In this exercise we will show that a function f(x) = \beta_0 + \beta_1 x + \beta_2 x^2 + \beta_3 x^3 + \beta_4 (x - \xi)_+^3 is a cubic spline, regardless of the values of \beta_0,\dots,\beta_4.

  1. Find a cubic polynomial f_1(x) = a_1 + b_1 x + c_1 x^2 + d_1 x^3, such that f(x) = f_1(x) for all x \le \xi. Express a_1, b_1, c_1, d_1 in terms of \beta_0,\dots,\beta_4.

  2. Find another cubic polynomial f_2(x) = a_2 + b_2 x + c_2 x^2 + d_2 x^3, such that f(x) = f_2(x) for all x > \xi. Express a_2, b_2, c_2, d_2 in terms of \beta_0,\dots,\beta_4. This establishes that f(x) is piecewise polynomial.

  3. Show that f_1(\xi) = f_2(\xi). That is, f(x) is continuous at \xi.

  4. Show that f'_1(\xi) = f'_2(\xi). That is, the first derivative f'(x) is continuous at \xi.

  5. Show that f''_1(\xi) = f''_2(\xi). That is, the second derivative f''(x) is continuous at \xi.

Conclude that f(x) is indeed a cubic spline.

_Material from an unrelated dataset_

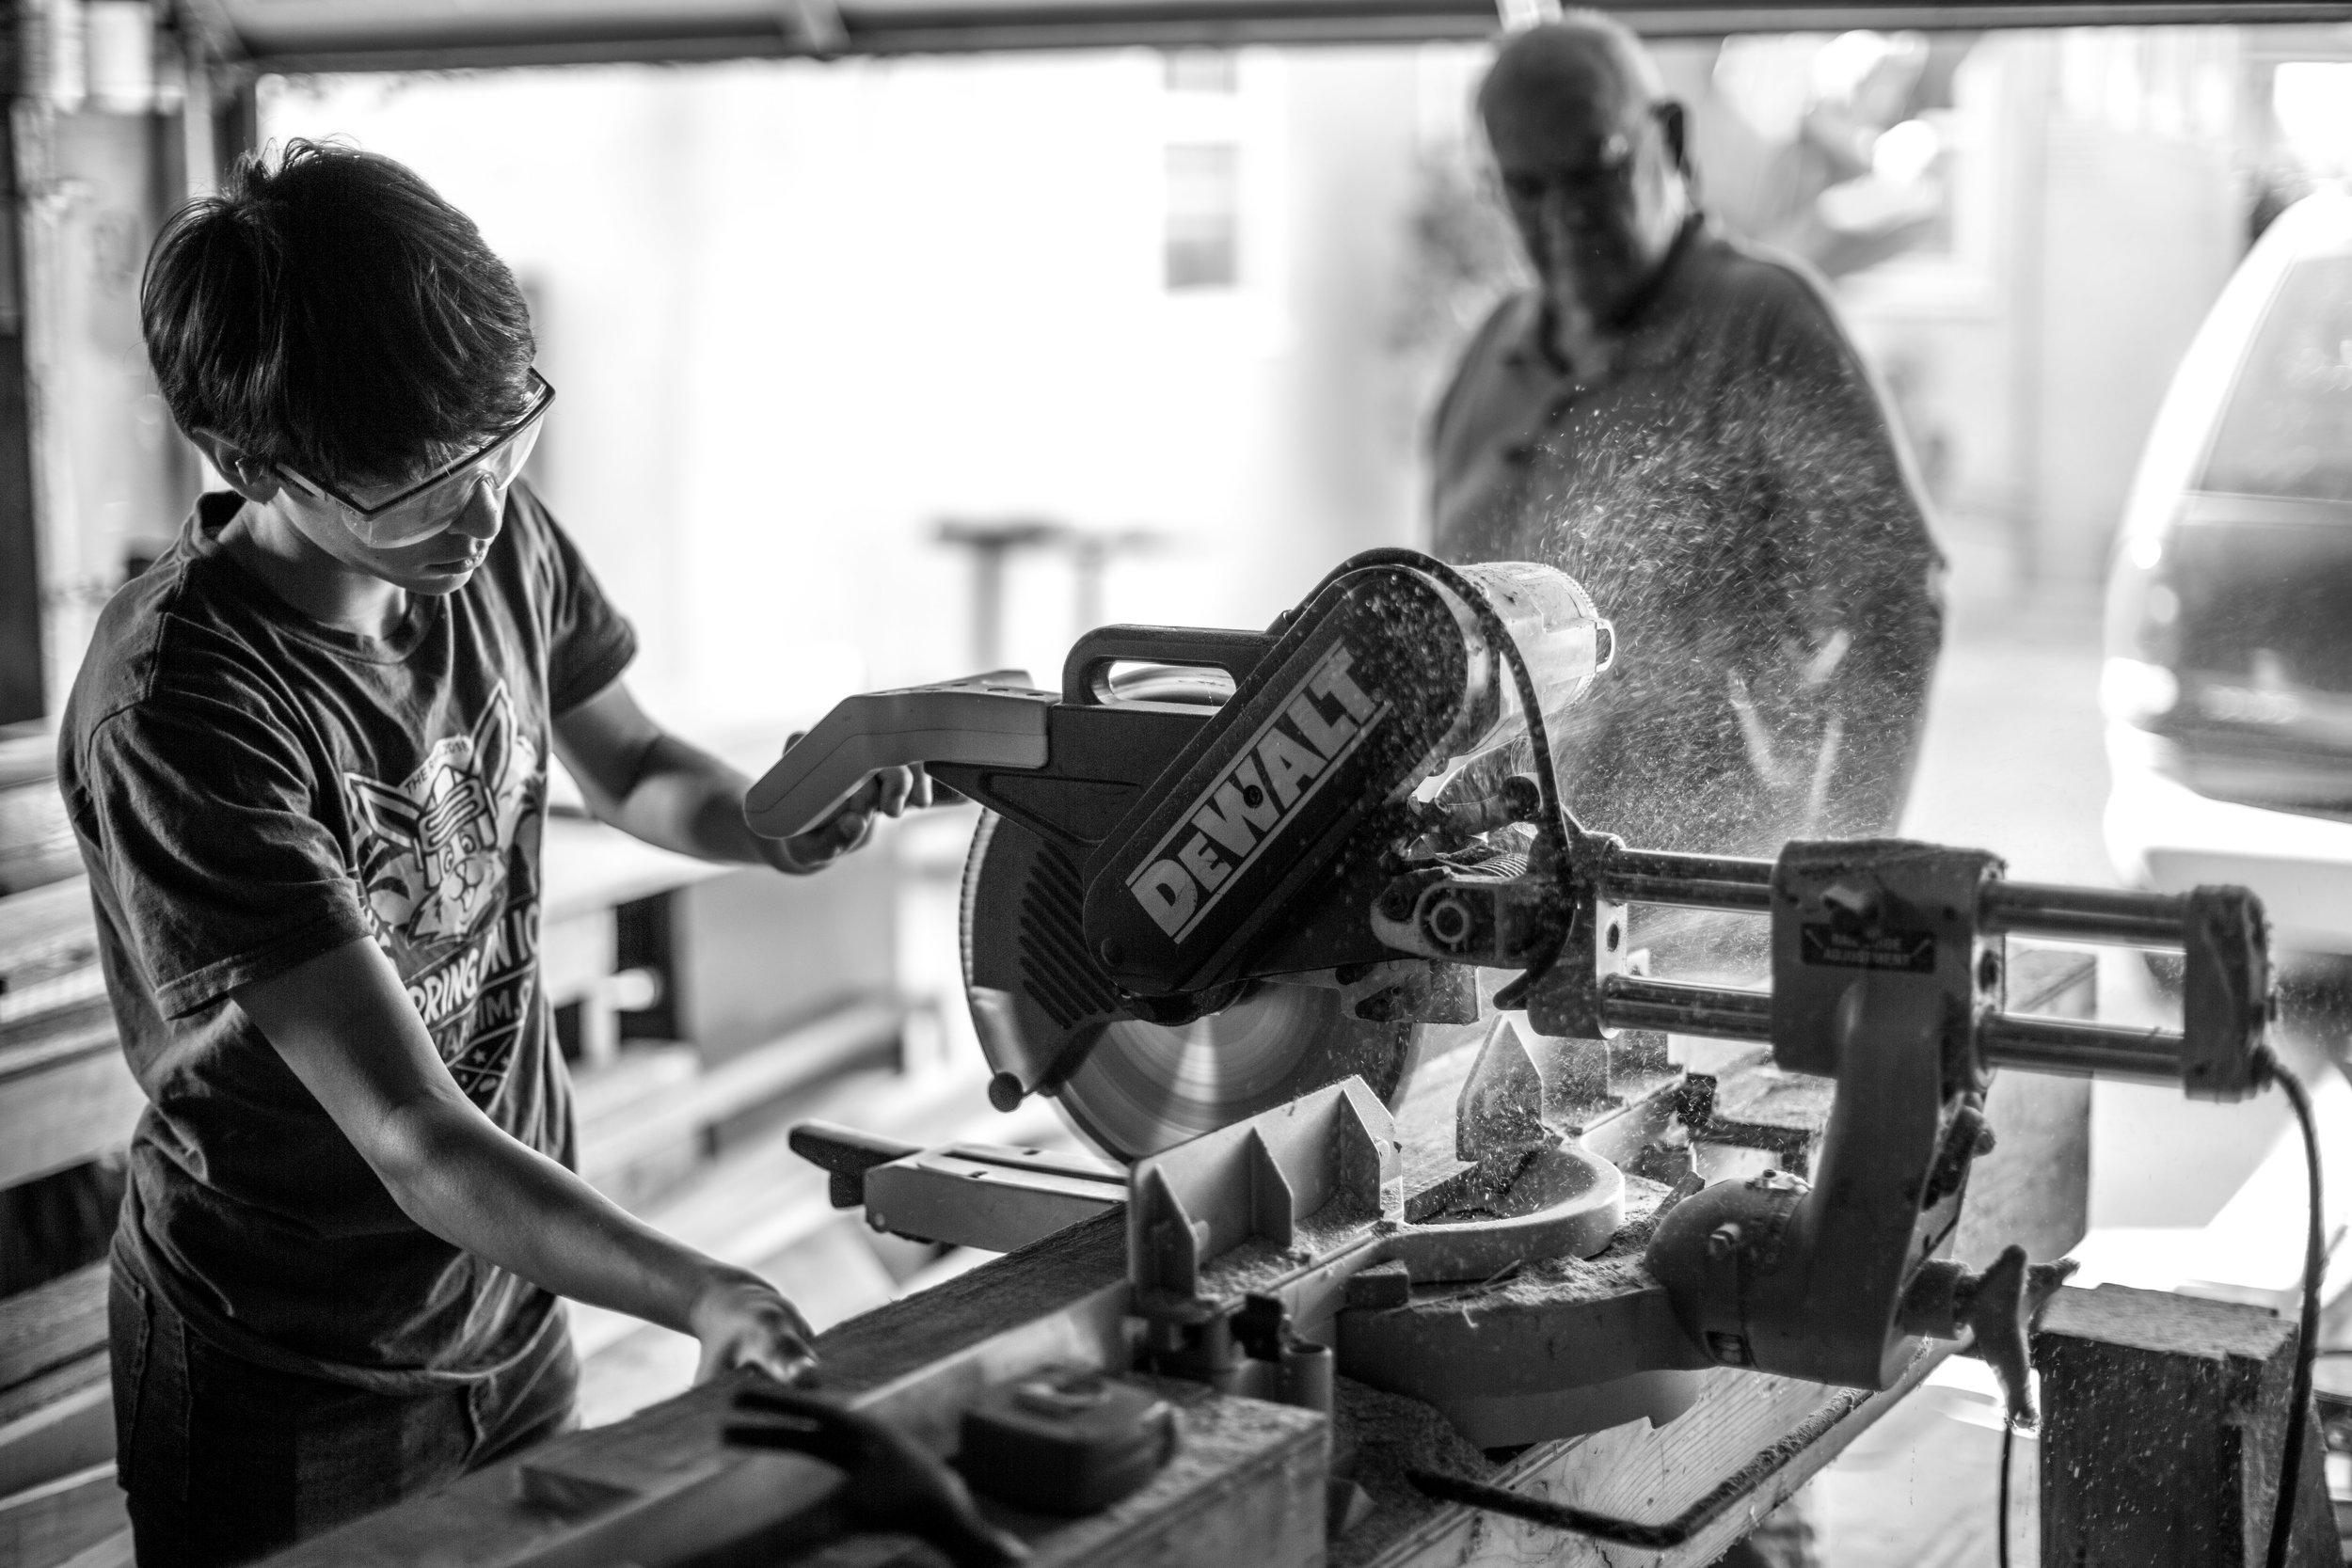 Apprentices - Regulatory Reform - July 2014ARPI DirectorPeter Quinton

D.8 - Smoothing splines estimator

Derive the smoothing spline estimator \hat{\beta} = (\bm{N}^T\bm{N} + \lambda \bm{\Omega})^{-1}\bm{N}^T\bm{y}, given for granted the validity of the Green and Silverman theorem about the optimality of natural cubic splines, as stated here.

Practical exercises

D.9 - Implementation of local linear regression

Write a function called loclin(x, y, h) that implements local linear regression using the formula of this slide. You can use any kernel function of your choice.

Compare the results of your function loclin on the auto dataset with those of the libraries KernSmooth and sm, along the lines of what has been done in class.

D.10 - Implementation of leave-one-out cross-validation

Write a function called loo_cv(X, y, h) that computes the leave-one-out cross-validation for the loclin(x, y, h) function, using the result of this slide.

Identify the optimal bandwidth for the loclin local linear regression, using the auto dataset.